Airlines are doing their bit to help stop COVID-19 crossing New Zealand’s border.
Justin Tighe-Umbers, executive director of the Board of Airline Representatives New Zealand (BARNZ) says of the 11 airlines still flying internationally in New Zealand none have any reported air crew cases of the disease after crossing the border since April.
“The Ministry of Health requirements for overseas-based air crew are pretty specific,” Mr Tighe-Umbers says. “Basically after using dedicated transport from the airport, air crew have to self-isolate in their hotel rooms during any stop over. Meals are delivered to their rooms and they cannot use the pool, gym or any other recreational area. They cannot congregate with other crew members.
“The Ministry of Health can do spot checks, or audits to see if those conditions are being met. We know of seven airlines that have been audited and their systems at their hotels checked.”
Mr Tighe-Umbers says people should not be surprised that the MOH requirements and air crew compliance is working. Apart from the mandatory use of masks and gloves and other personal protective equipment and measures, the actual number of COVID-19 cases that have crossed the New Zealand border is very small.

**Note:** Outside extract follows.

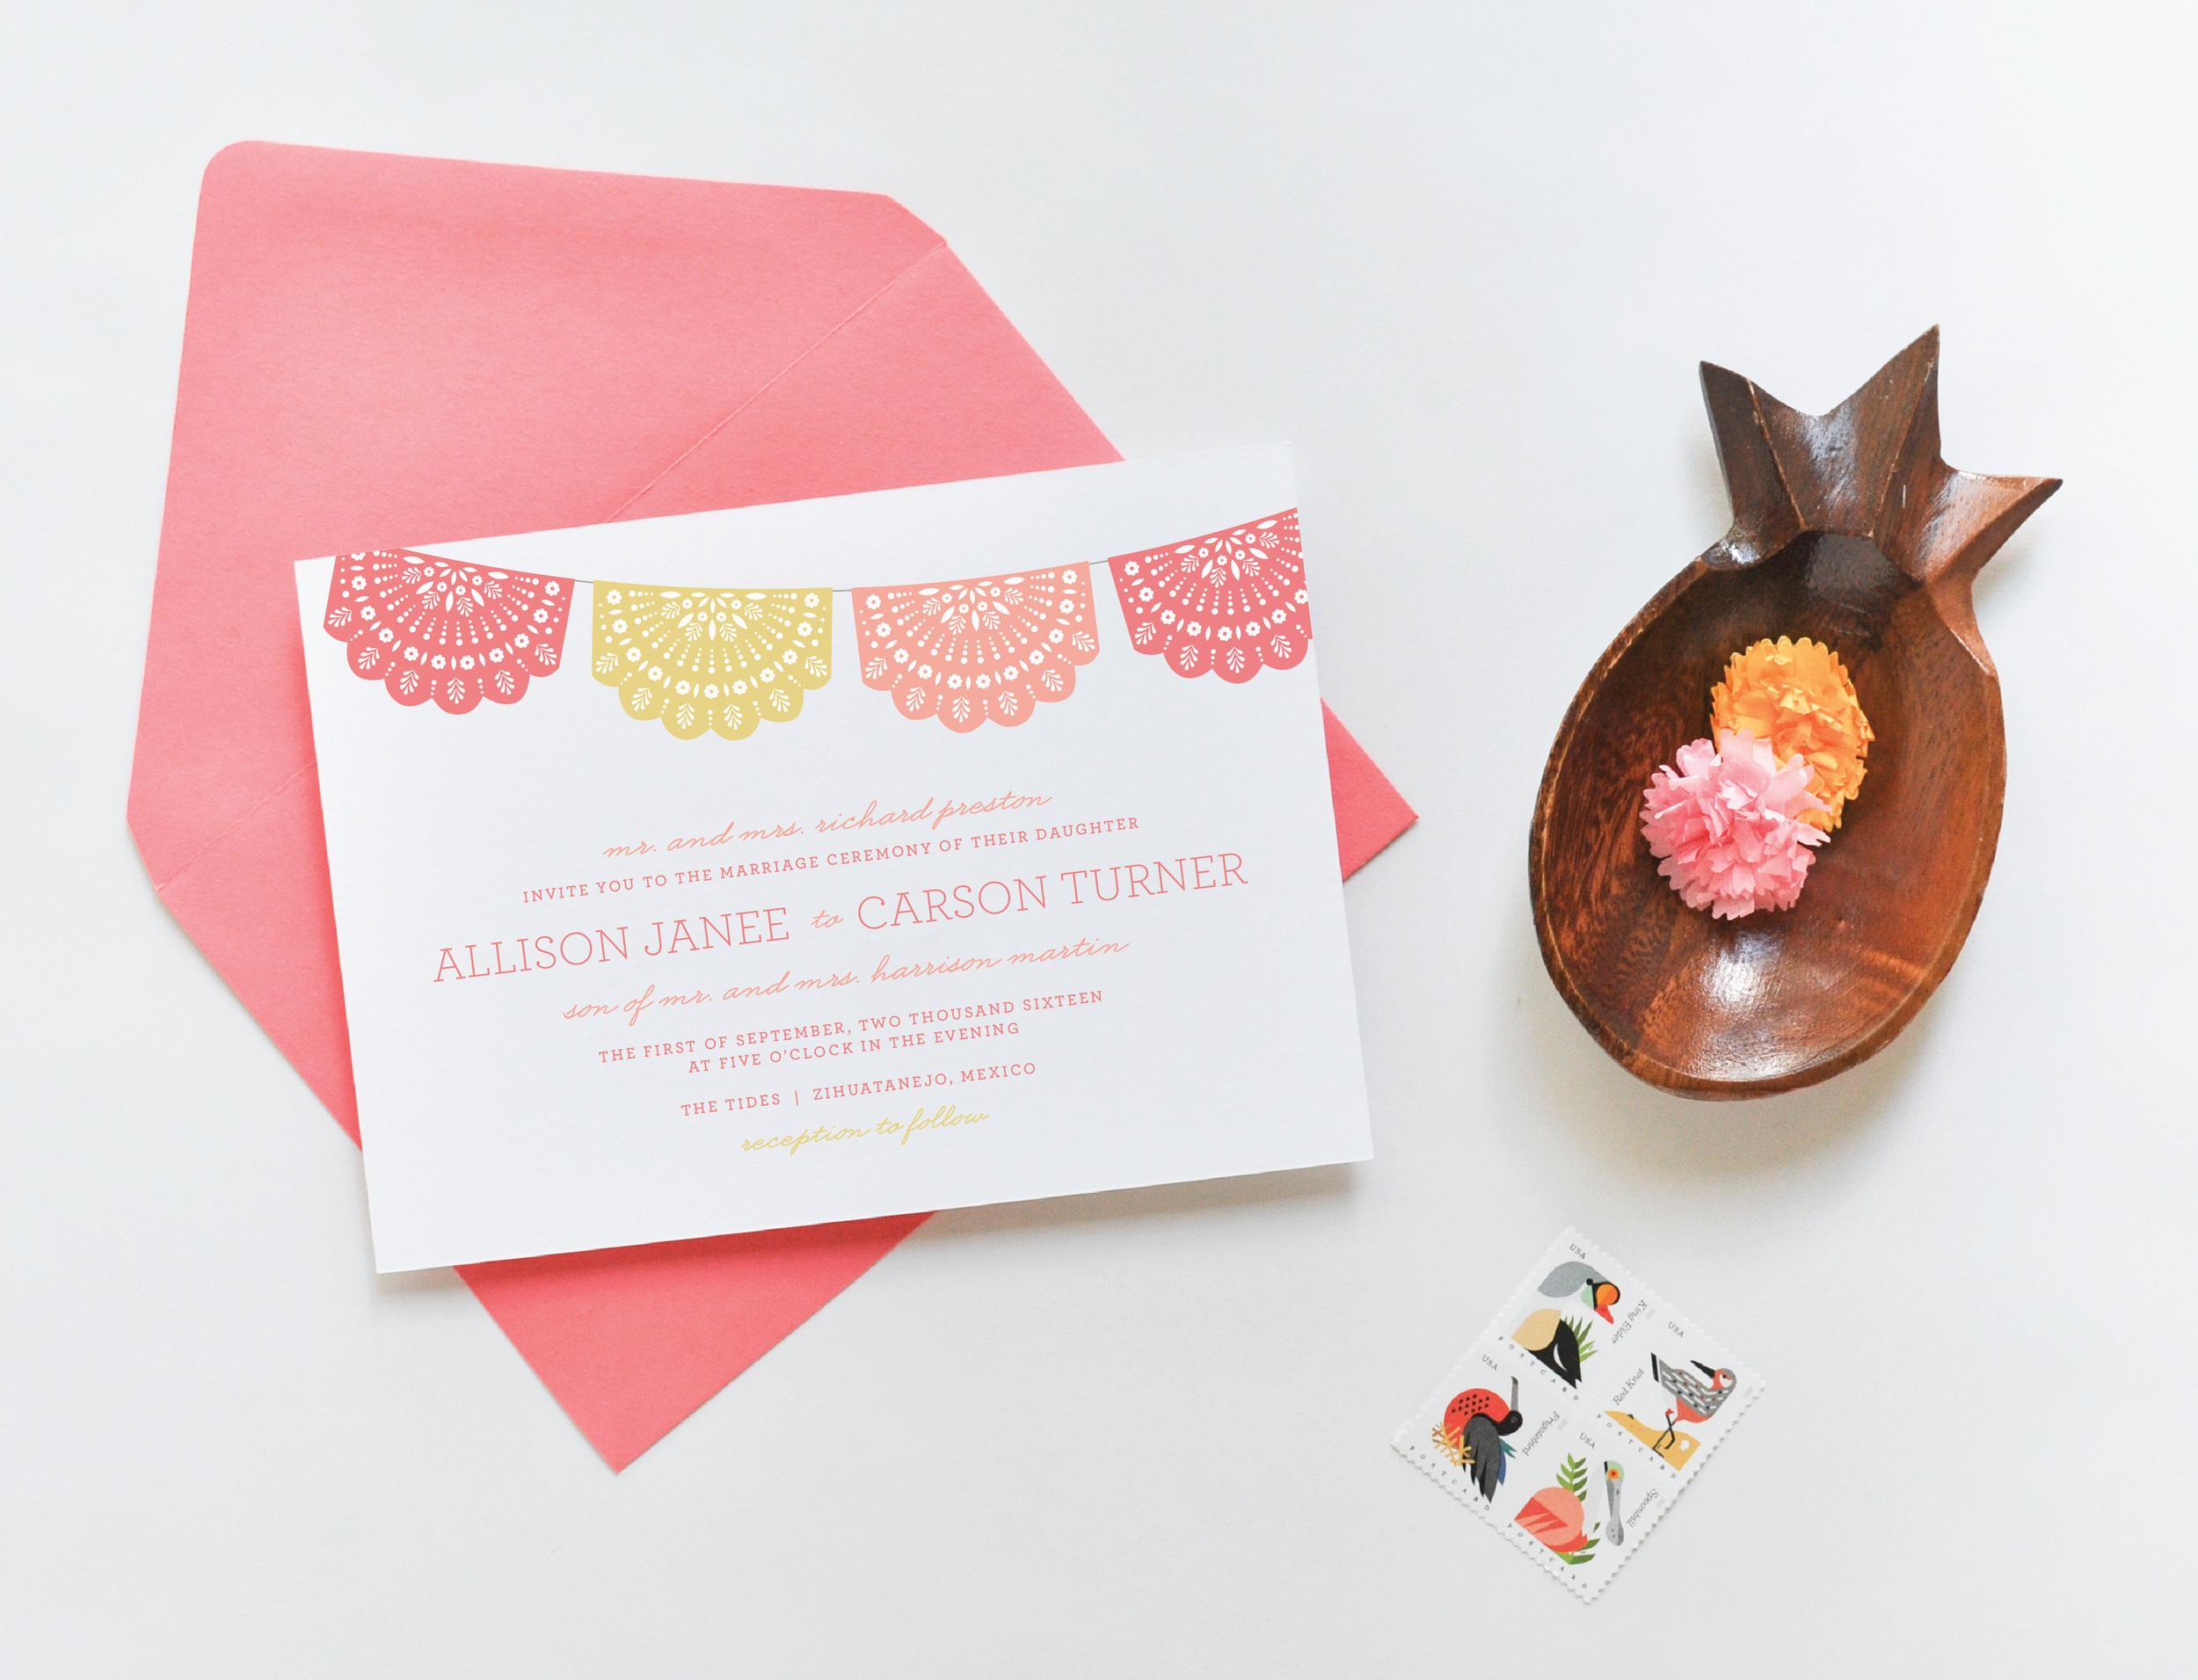 Bodega Fiesta Papel Picado Wedding Invitation_2-01.jpg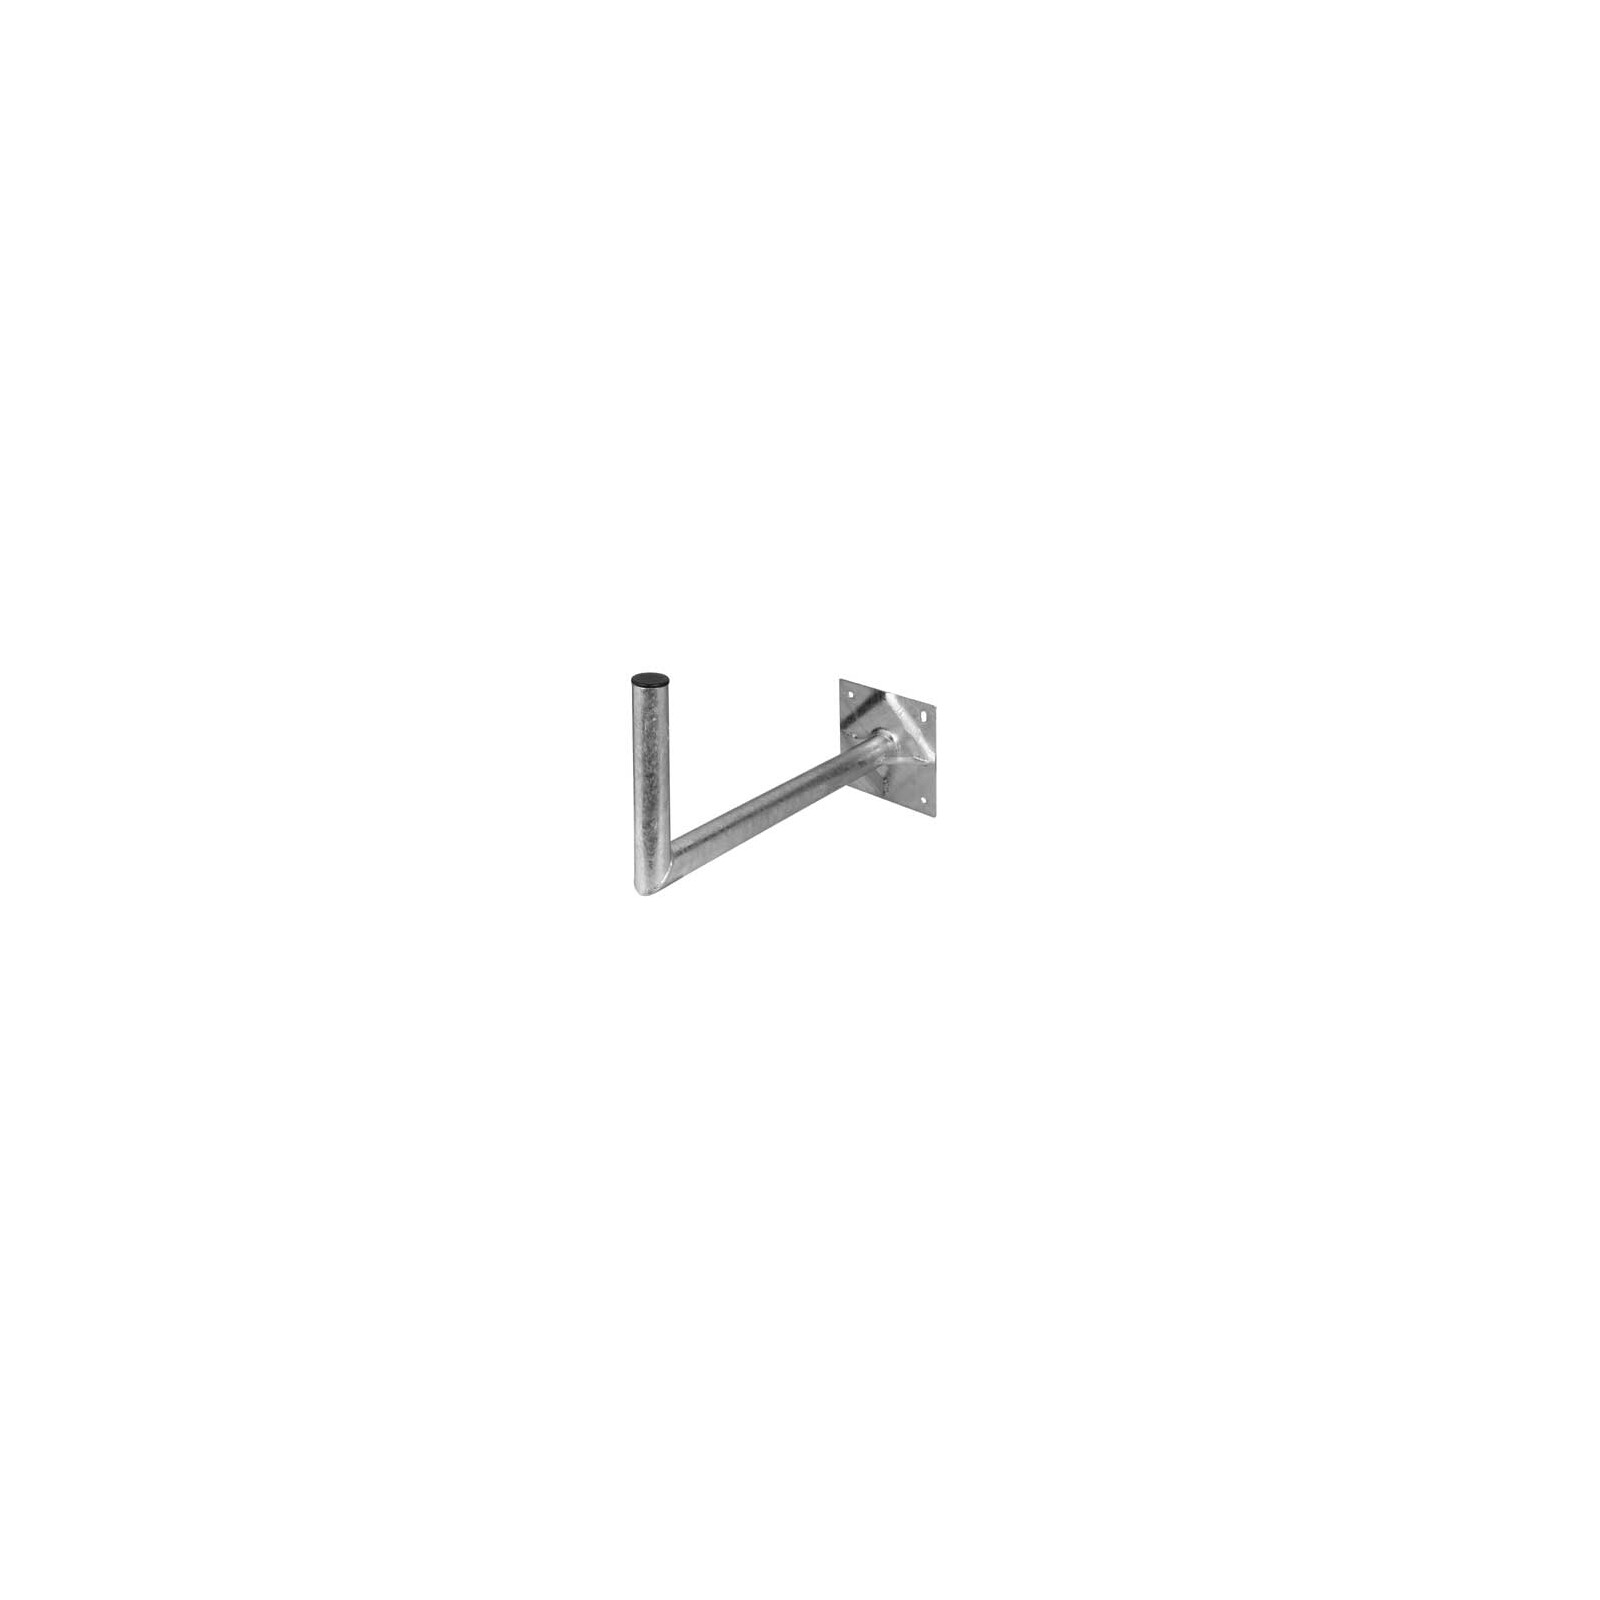 Hama 44203 SAT-Wandhalterung, feuerverzinkt, 60 cm Wandabsta

“Official statistics we have been provided show that of the approximately 25,000 people who have come to New Zealand between April 9 – August 3 there has been 75 people test positive – that’s around 0.3% of travellers,” Mr Tighe-Umbers says.
“On top of that, the chances of catching COVID-19 during a flight has been shown internationally to be very slim due to the air conditioning and filtration systems in modern aircraft, combined with hygiene protocols and the use of PPE by air crew.”
BARNZ has also checked on the conditions covering grooms who look after horses that are air freighted. They follow Ministry of Health agreed protocols, are tested regularly and there are no reported cases of COVID-19 infection for any of the grooms.
While New Zealanders should not be fearful about the risk from air crew or grooms, Mr Tighe-Umbers says, they should be worried about the economic shock if airlines pull out of the country should conditions become too stringent for them to operate.